From my experience talking with people attending European medical schools (and with that as the caveat -- I haven't actually done rotations there), the biggest difference seems to be the role you are expected to take on the team. Namely, you are expected to make yourself part of the team. And to complicate matters, for you, it doesn't always happen naturally -- you are just supposed to figure it out. Usually third year is all about adjusting to this and figuring out the seemingly impossible task of making yourself part of the team when no one tells you what you're supposed to do. Doing this as a fourth year won't be fun.
If you do an inpatient rotation, you can expect to have anywhere from 3 to 7 patients (more on busy services), for which you will take primary responsibility. You should expect to write their admit note as well as daily progress notes, and both will be cosigned by your intern or resident. You may also be expected to dictate their discharge summaries (ask "how do I dictate here?" and they'll tell you whether there is a system where you can dictate it vs. an MD having to do it). You should write their orders to be cosigned by a resident or intern. Because the RNs won't be calling you directly at most hospitals, you should start each day by giving the RNs your number and asking them to call you if anything comes up with your patients. Really stay on top of this, because it's embarrasing not to know major events with your patients (and even though no one thought to tell you, everyone expects you to magically know). If this is an audition rotation, you should pay attention to the way your residents and interns are presenting and model your presentations after them. Make sure you get early feedback from more than one person about your presentations, as cultural differences probably affect this dramatically, and much of your attending evaluation comes from your presentations. Also get feedback on your notes, since this is another easy way to evaluate you. Finally, you should do little mini-presentations on topics of interest (preferably relevant to a question that came up discussing one of your patients) -- 10 minutes tops, single sided hand out for everyone on the team. One presentation every week or two should be sufficient. Run it by your chief resident before you do it to make sure the topic is good and so they can say to the attending "Oh, I think Blondbondgirl has a presentation on X! Do you want to hear it now?"
As far as the structure of the day, on my neurology rotation I arrived about 6:00, rounds were 7:00 to about 10 a.m. The period from 10-12 is the "hour of power" where you can get things done easily -- scheduling radiology studies, calling consults (who will often give you a very hard time if you call them after noon for anything other than an urgent issue), writing orders, placing notes on charts, talking to the nurses regarding what the plan is for the day, etc. 12-1 was a conference, then on non-call days finishing up work, dealing with issues that came up during the day, until done with work usually around 5 or 6 p.m., sign out to the on call team. If on call, obviously mix admitting in with all of this (try to see any new patient within 30 minutes of getting report, and have a note and preliminary orders by 1 hour from getting report) and you take sign out instead of giving it (although on many services as the med student you won't be expected to cross cover, on some you are and this is torture). If you are not cross covering anyone formally, talk to your intern or resident and see how you can help them with cross cover -- even little things like putting in IVs or drawing blood or putting in NG tubes can really take a lot of the load off them.

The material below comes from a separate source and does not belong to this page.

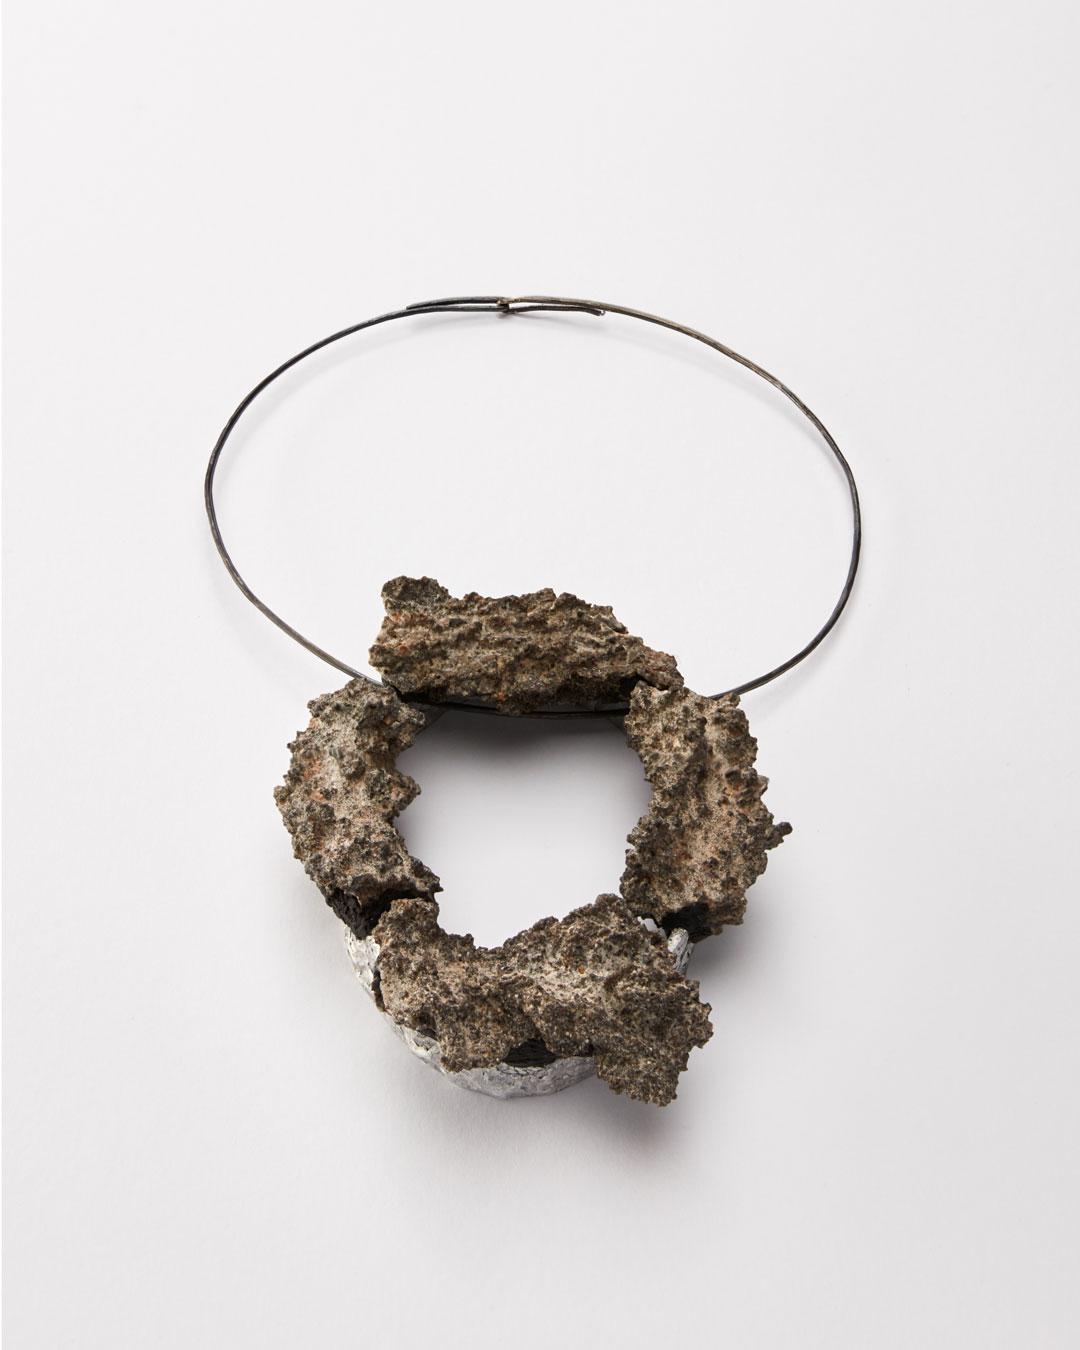 Iris Bodemer, Ordnung 5 (Array 5), 2019, pendant; aluminium, fulgurite, mounting adhesive, 140 x 110  x 35 mm, €3500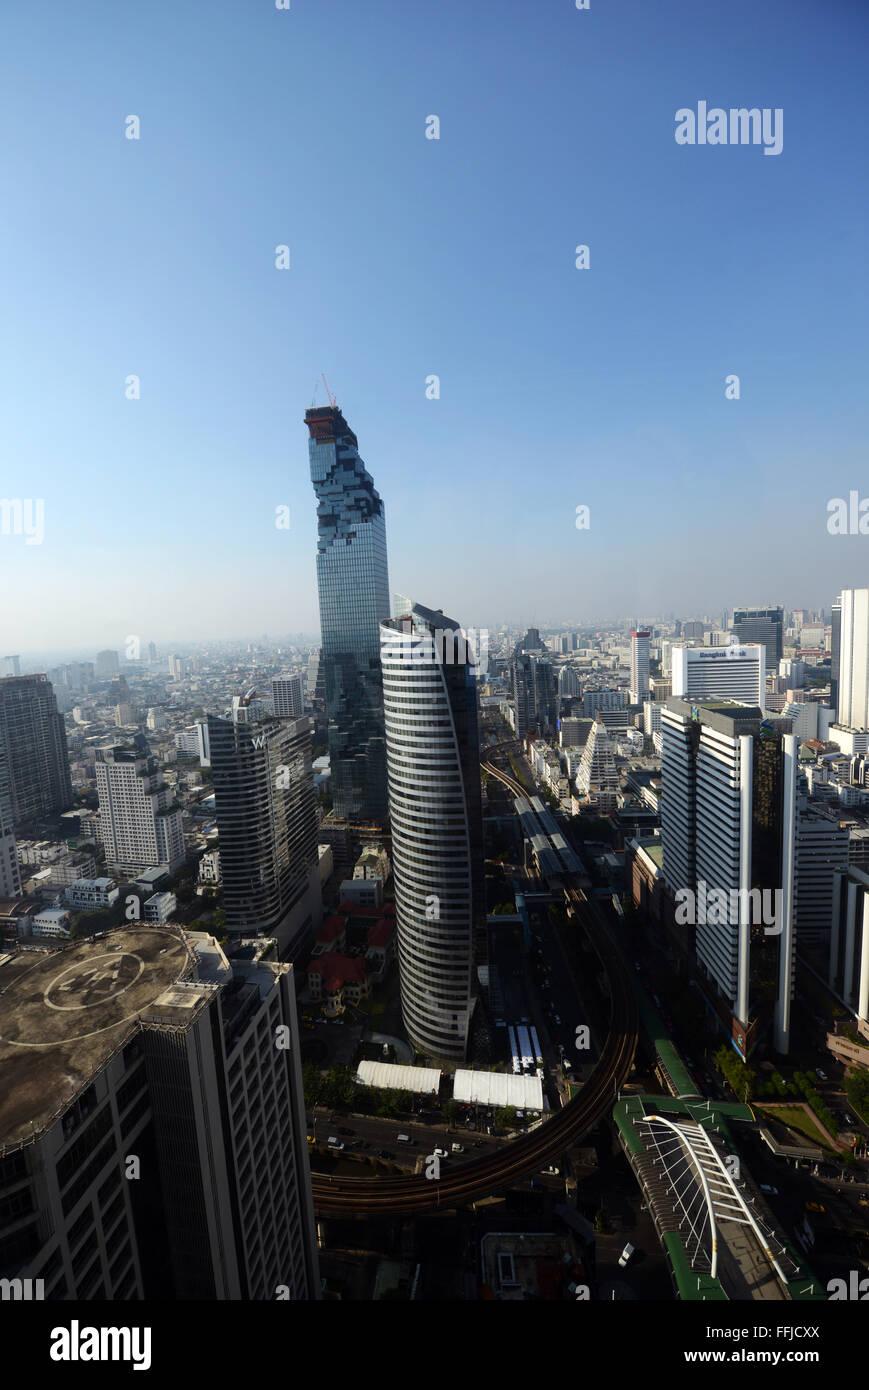 The ultra modern MahaNakhon Skyscraper in Bangkok, Thailand. - Stock Image

As a fourth year, people want to see you acting at the level of an intern they want on their team. So, anything the intern is doing for his patients, you should be doing for yours. You won't always know the plan, but you are expected to look it up quickly and have some kind of plan by the time you present to your resident (unless there is something urgent/patient decompinsating, in which case you should bump it up quickly).
I've only spent 7 weeks on outpatient, so I can't help you much with the fam med thing -- maybe someone else can give you some pointers there.
Best,
Anka
p.s. If your sick, you should go in anyway. If your team isn't going home yet, you don't go home. And don't sit there asking if you can go home.